Treasury Secretary Paul O'Neill was peremptorily fired for questioning the wisdom of the administration's tax cuts, and former U.S. administrator L. Paul Bremer III felt compelled to recant his statement that there were insufficient troops in Iraq...

Bush entered office promising to be a 'uniter, not a divider.' But Rovism is not about uniting. What Rove quickly grasped is that it's easier and more efficacious to exploit the cultural and social divide than to look for common ground. No recent administration has as eagerly played wedge issues — gay marriage, abortion, stem cell research, faith-based initiatives — to keep the nation roiling, in the pure Rovian belief that the president's conservative supporters will always be angrier and more energized than his opponents.

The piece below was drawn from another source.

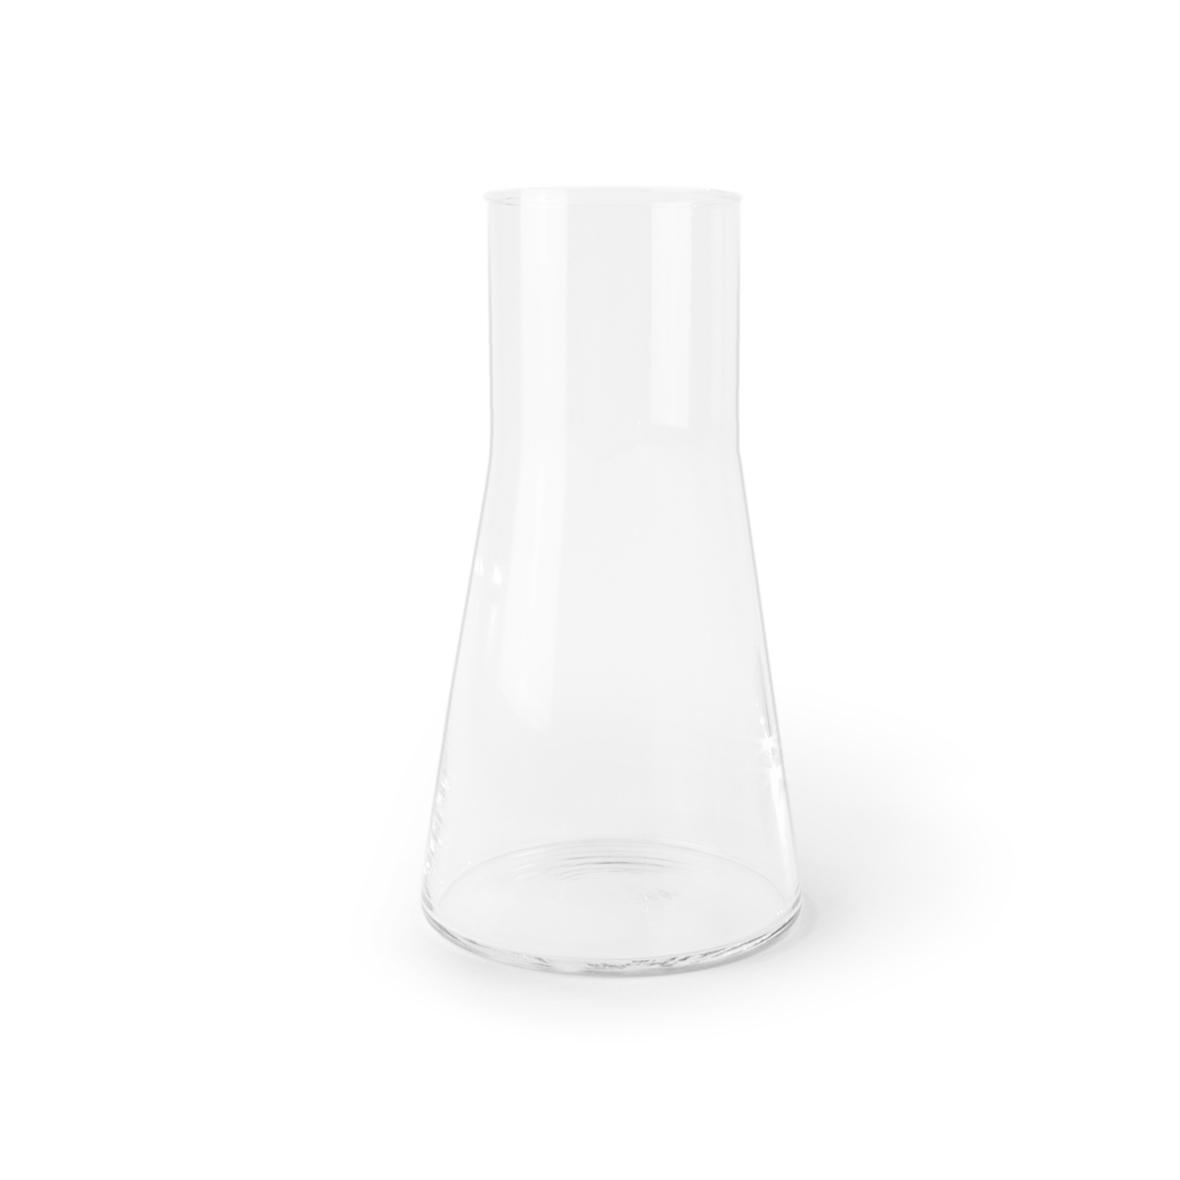 vase durstloescher mittel fidea design
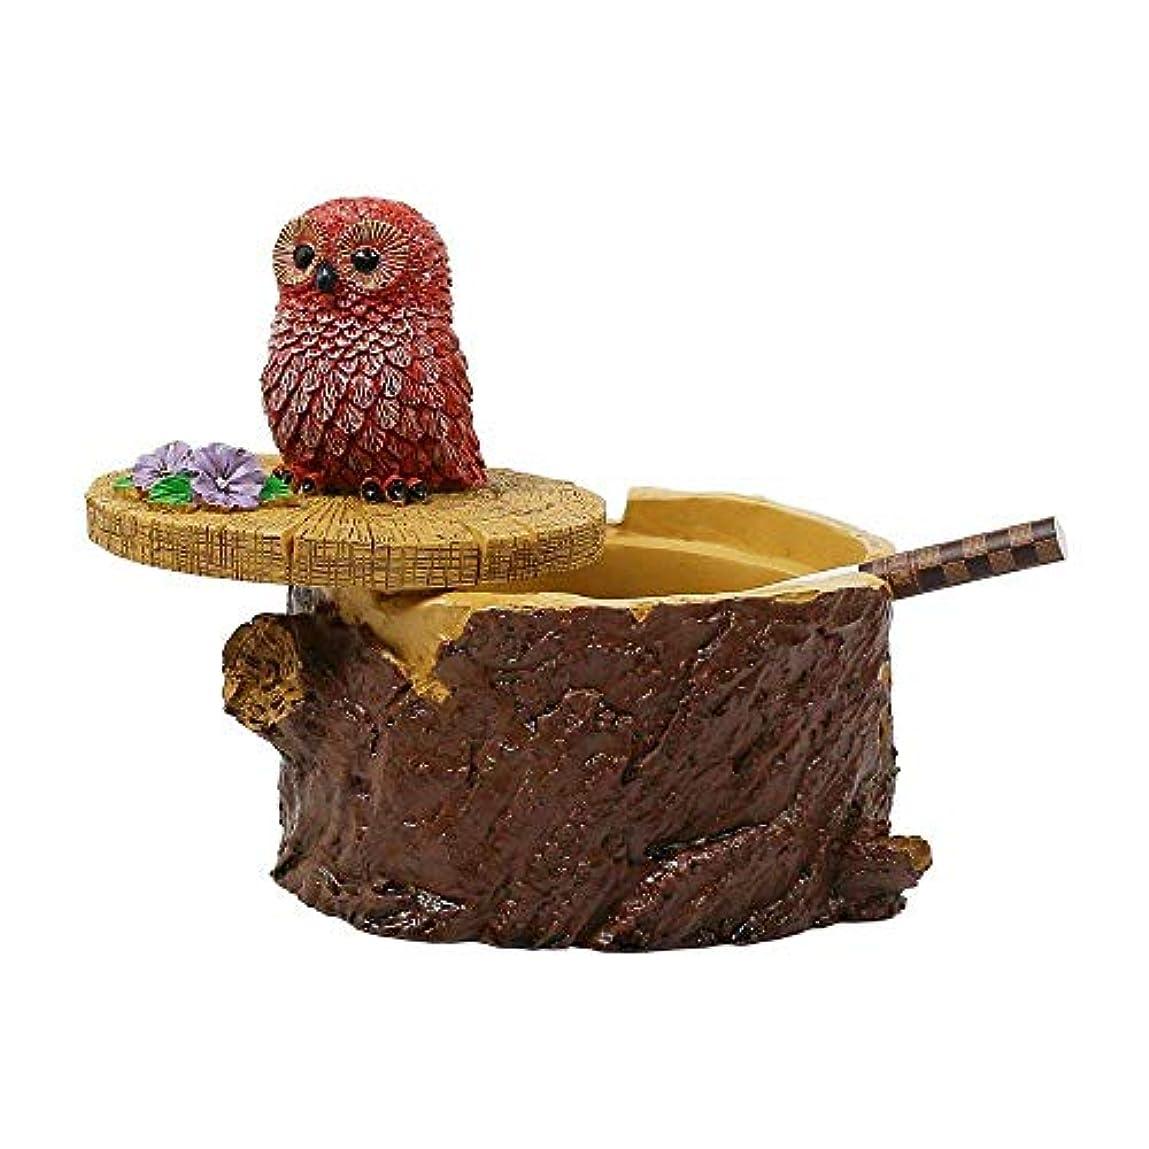 ジェームズダイソンヤギレルムタバコのための屋外灰皿家庭と庭のための蓋のかわいい樹脂フクロウの灰皿

Division, then, is not a side effect of policy; in Rovism, it is the purpose of policy...

Unwavering discipline, demonization of foes, disdain for reality and a personal sense of infallibility based on faith are the stuff of a theocracy — the president as pope or mullah and policy as religious warfare.

Boiled down, Rovism is government by jihadis in the grip of unshakable self-righteousness — ironically the force the administration says it is fighting. It imposes rather than proposes.

Rovism surreptitiously and profoundly changes our form of government, a government that has been, since its founding by children of the Enlightenment, open, accommodating, moderate and generally reasonable."